Charlotte and Wilbur

I have mixed feelings about using digital animals in films. 

First of all, historically animals have suffered a great deal in film-making. But animal training has become so much better in recent days. Animals have the choice whether or not they want to do something, instead of being beaten into it. Which also makes it harder to film. Photographers have to wait until the animal decides to follow directions.

Digital animals can do things that normal animals can't. And you don't need to worry about mistreatment. But so far, I've only seen one movie where I couldn't tell that the animal was fake (unless viewed from a certain angle). 

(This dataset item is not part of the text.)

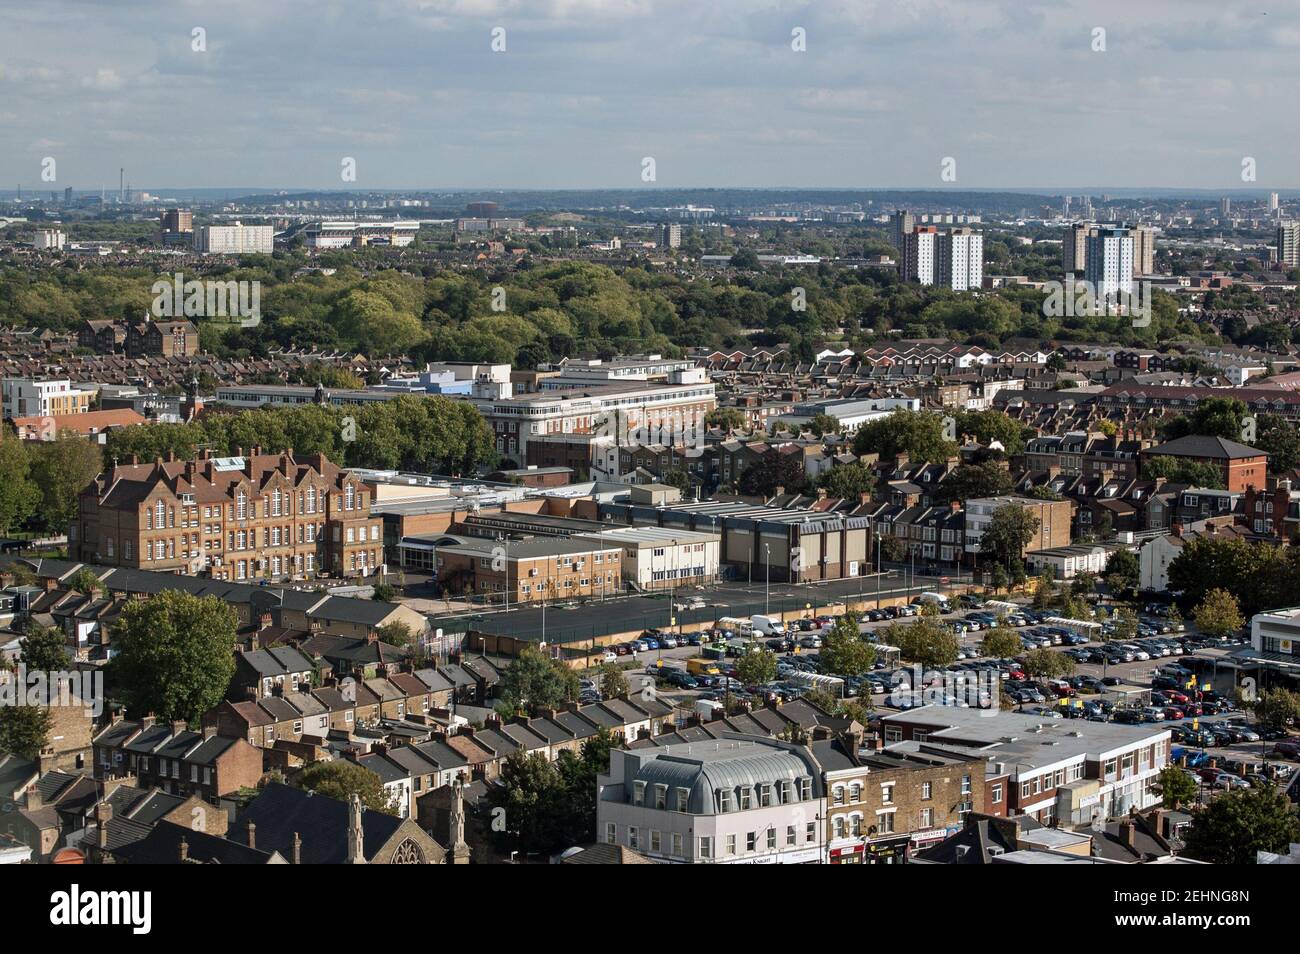 View from a tall building looking south across Stratford in the London Borough of Newham with the University of East London campus in the middle. Stock Photo

And nothing can top a real-live animal. So much of our lives are artificial now that it's important to have something real. Even if you're only seeing it on a screen.

 Anyway, this is all stuff I've discussed before. I don't see many real animals in film anymore. But I just watched the bonus features of Charlotte's Web. The live-action one (although the cartoon has fabulous songs). 

Almost all of the animals were real in the newer version. The filmmakers spent countless hours filming pigs and cows and sheep, and picking out the right motions to match the dialogue. They added mouth movements to make the animals talk, and there are a few digital additions. Like a pig doing a back flip. Templeton and Charlotte are entirely digital. Although they merge them into scenes with real animals. Like Templeton pushing a gosling out of the way. 

(Even The Chronicles of Narnia: The Lion, the Witch and the Wardrobe includes real animals, like wolves, even though it's very solidly in a fantasy world).

I was excited to find how much this film focused on real animals - in a way that was respectful to the animals themselves. It took a lot of work. Probably more work than it would have taken to make computer animals. An computers are taking over jobs everywhere else. What about the people that train animals? My cat loves to do tricks. She comes up and demands to do tricks every night (in return for treats). People that do humane work with animals shouldn't be put out of business. Again, we need real animals. Not just computer ones.